Thursday, 4 September 2014

podiuming and medalling: grammarians look away now

Top team
Day 146

A red letter day for this old bird. It was the last Assembly League of the season. We fielded a large, strong team for Kent AC to secure our trophy. Kent Athletic Club will finally replace Dulwich Runners on the coveted shield. I ran reasonably strong, despite having had a knackering day, and secured my medal as first W50. I was inordinately proud. Most childishly, it was incredibly satisfying to claim first place medal ahead of Clare Elms. That does't mean that I can run anything like as quick as this elite athlete. She did not run as many times as me over the season, so I collected more points with my 6 pedestrian 22m and 23m for  5km (she can do them in 18m or so). I have always been obsessed with Ms Elms, who is the tanned, sinewy apotheosis of mature athleticism, quite the opposite of freckly, flabby me, but the medalling has made me happy, and the conviction that I can improve has been underlined by the extraordinarily youthful V60 woman Ros Tabor, and indeed V70 and even V75 men coming up to collect their medals. Inspiring.
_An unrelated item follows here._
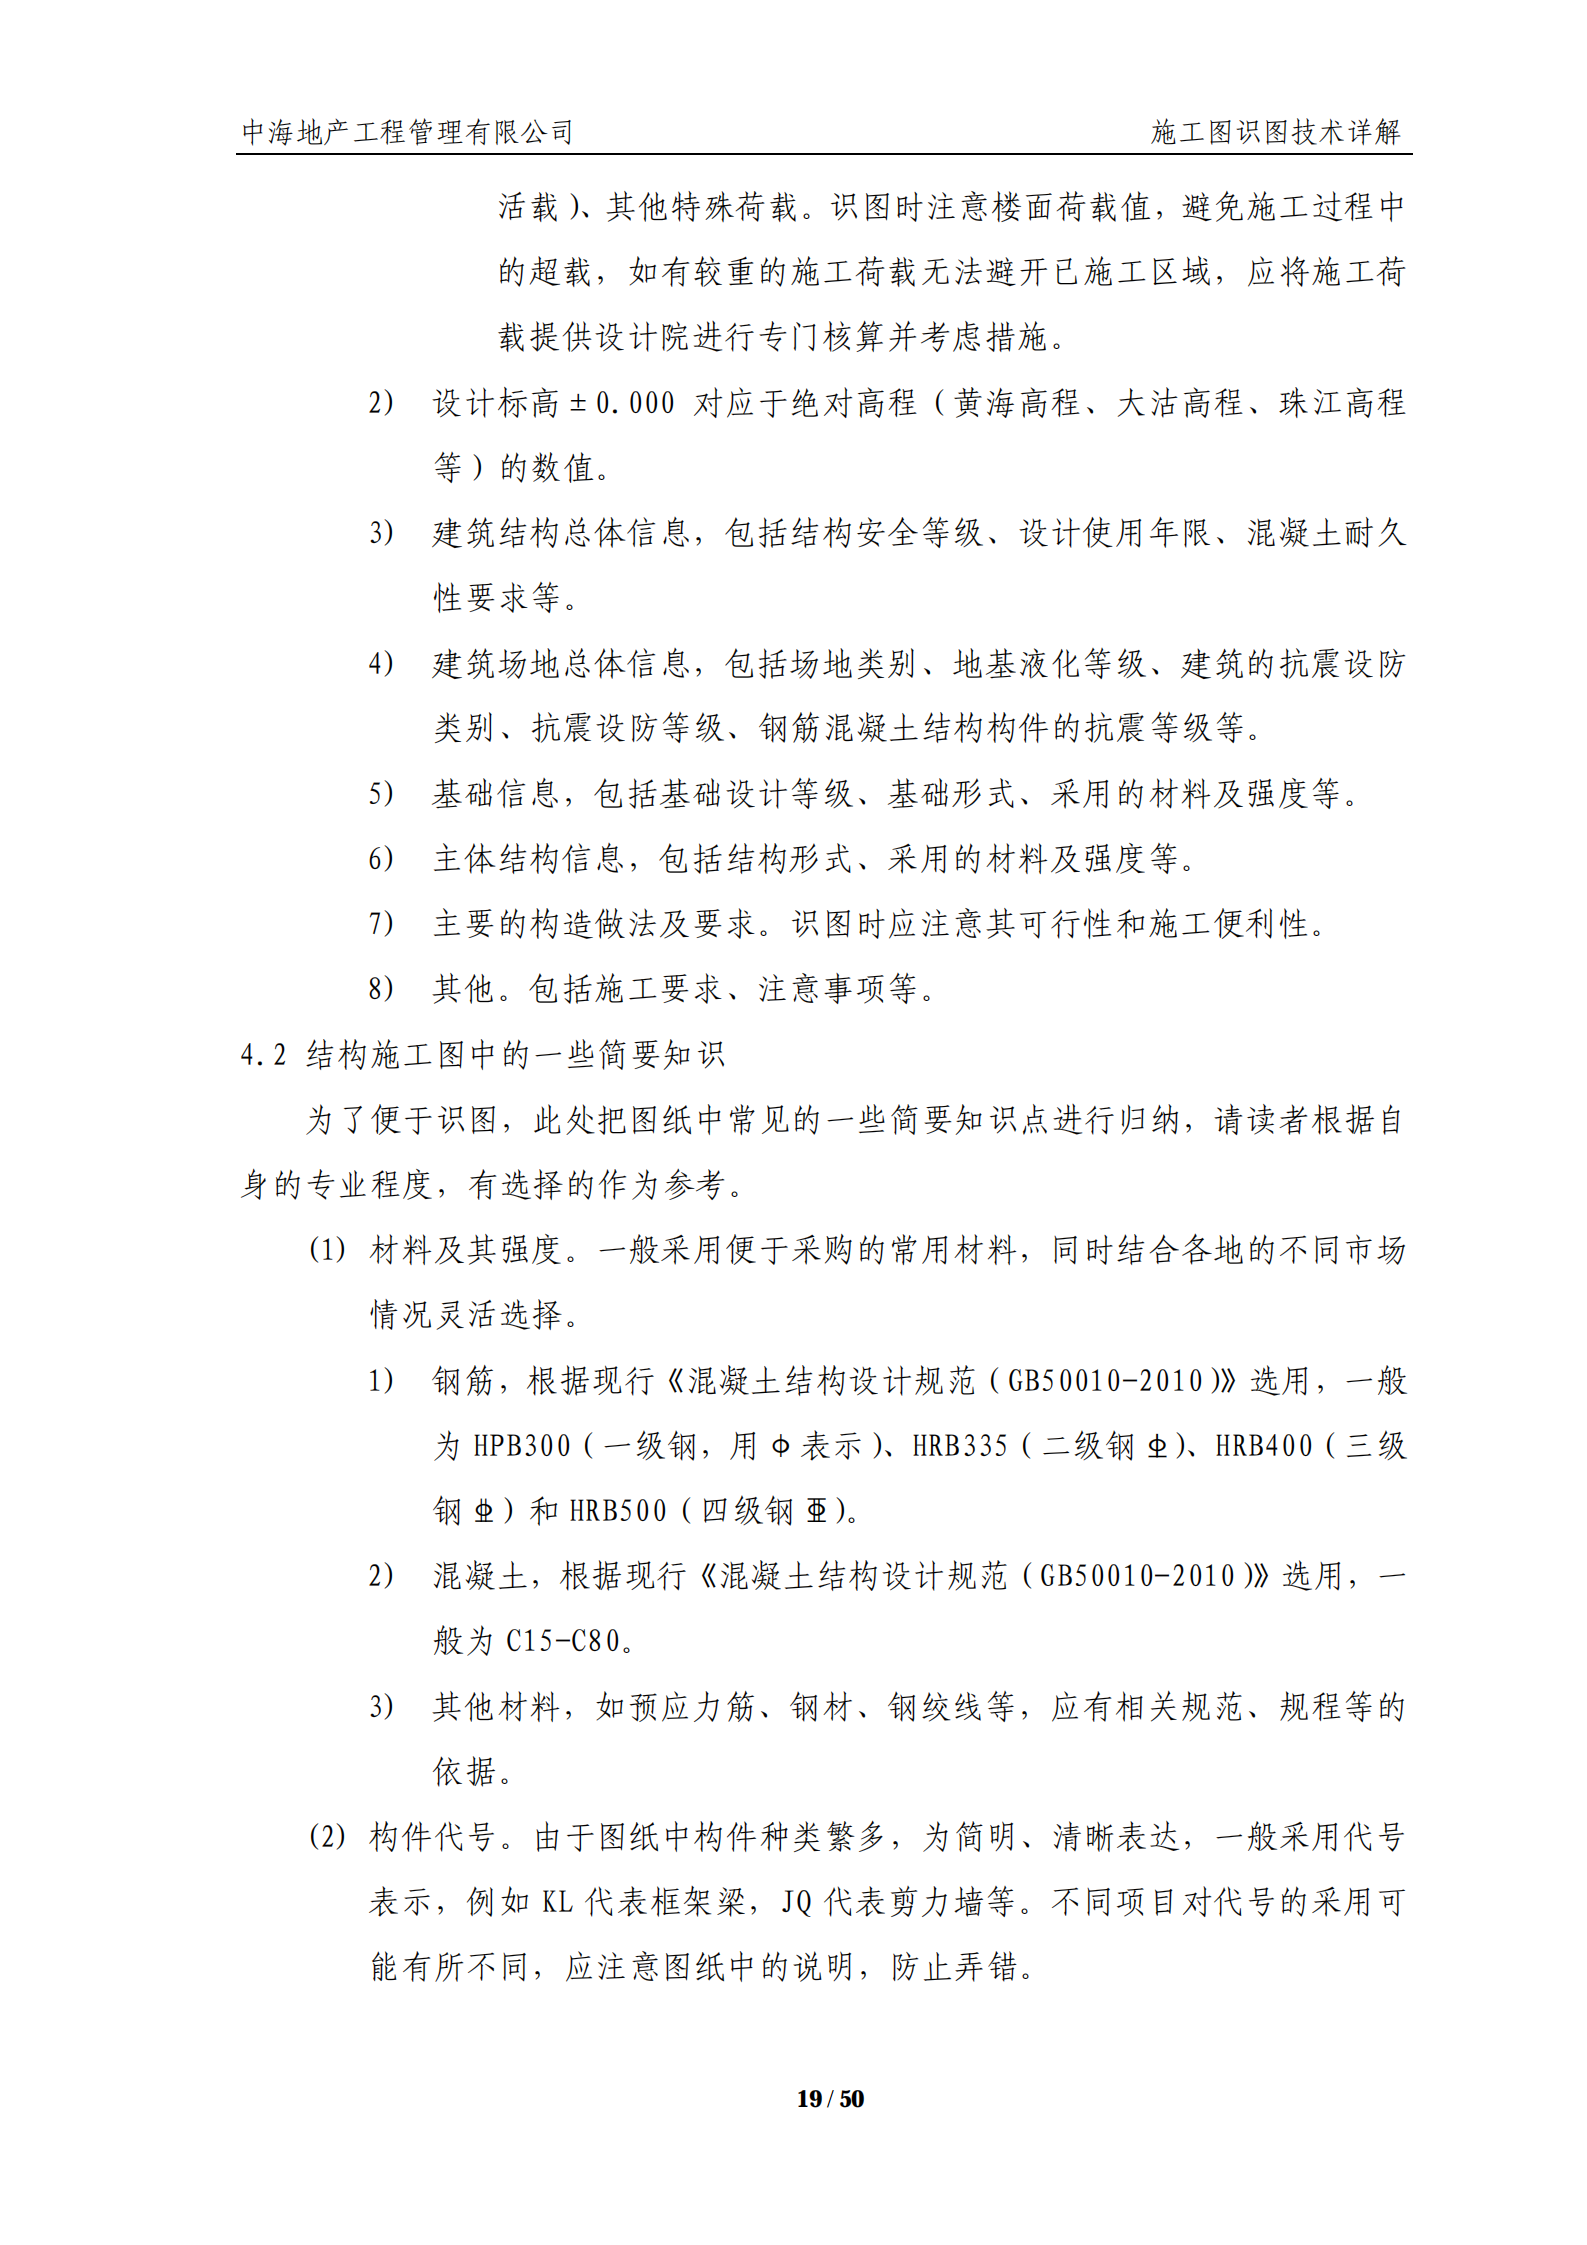 中海｜地产工程公司施工图识图技术详解（50页，包含机电）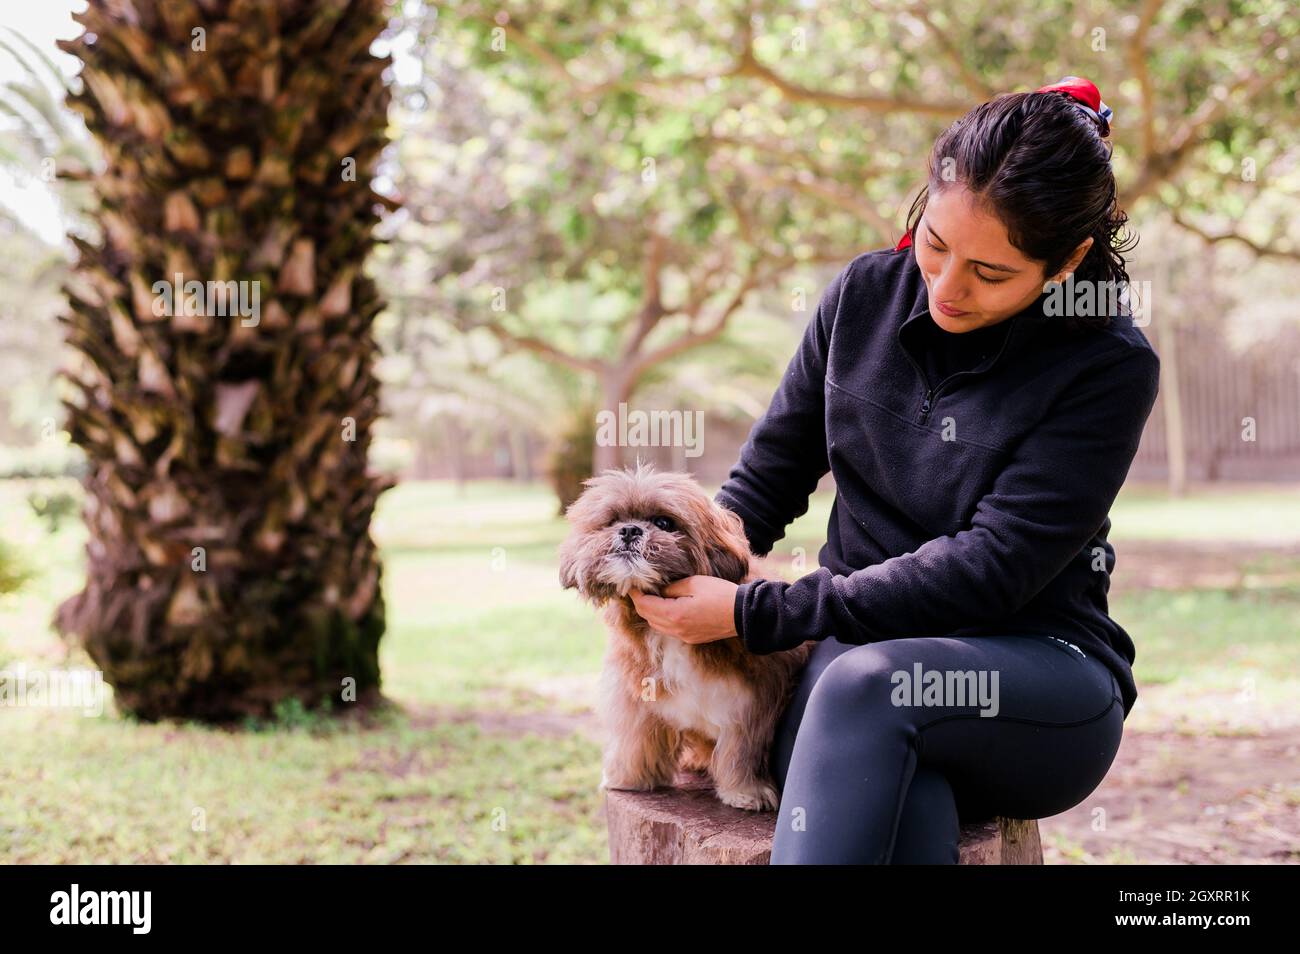 La giovane donna carina sta abbracciando il suo piccolo cucciolo. Amore tra proprietario e cane. Foto all'aperto nel parco, fuoco selettivo. Concetto di stile di vita Foto Stock

Wednesday, 3 September 2014

Tiny tri

London Fields Lido
Day 144

You've got to love London Fields Lido. It's big (50m), it's warm (25 degreesC today), it's clean and much cheaper than my local, Charlton. Today was a nostalgia trip, for LFL was where I used to convene with best London buddy Ruth Jarvis. We'd do our 20 lengths, bemoan the fact that we're such crap swimmers, then repair to her house across the park to eat expensive artisan bread and butter scrambled egg.  She's far, far away, with bike and boyfriend, while I test my run-to-swim-to-run technique for The Swimmer, wearing my zip-up costume under my running gear and eschewing towel dry for run dry. There was even a bit of cycling involved today. A teeny, tiny triathlon, if you will. I shall never do a proper one, though, as open water swimming is too scary to contemplate. Hampstead Ponds, lovely lidos and a little bit of seaside is the most open water I'll ever contemplate.

Tuesday, 2 September 2014

Hands up if you can

Note the shirt
Day 143

Normal service was resumed this morning. Circuits overseen by Erik 
His bons mots always cheer. Today I had him snap this rather fetching image of me performing shoulder presses with a 9kg medicine ball. Alzheimer's Society shirt will be the one I wear for the big race this weekend. Always best to make sure a new garment doesn't chafe or anything. The gear is especially relevant since I am always banging on about the completely unnecessary seizing up of the arms and legs as you get old. I've gone on about it in this blog, I know. At what stage do older people stop trying to reach items on high shelves? At what stage does this render them incapable of raising an arm straight into the air? I have resolved to reach for sky, with or without medecine ball, daily. And stand on one leg. And do over 100 tricep dips and perform the crab every day until...I die?
So there's that. And then there's Kent AC track training in a couple of hours. Better to be busy.
This morning: 5x cicuits involving shoulder presses, weight raises, weighted lunges, battle rope, in and out, underground, tyre slam and I think that's it.  Unround those shoulders.

Monday, 1 September 2014

Working backwards

counting sheep
1 September 2014
Day 142

Wise friend Carrie said to me, when I was angsting about rest and recovery, particularly in view of the coming Stonehenge to Avebury test, that I should learn to treat the bedtime deadline with as much respect as the going to work one in the morning. When you have to be at work for 9.30am, you set your alarm accordingly, to make sure that there's time to fit in all the faffing before you get on your bike. Yet we, or should I say I, let panic about undone chores push bedtime later and later, with the result that there's no reading, no calming yoga practice, no pleasureable bathtime and annointing of runner's body with arnica oil and lavender balm. Just a shut down of lap top and a topple into bed, where husband lies snoring. No wonder I lie awake fretting. The plan wa today to work backwards from the ideal 10pm shut down, and eave myself enough time to achieve it. Not done today, sadly.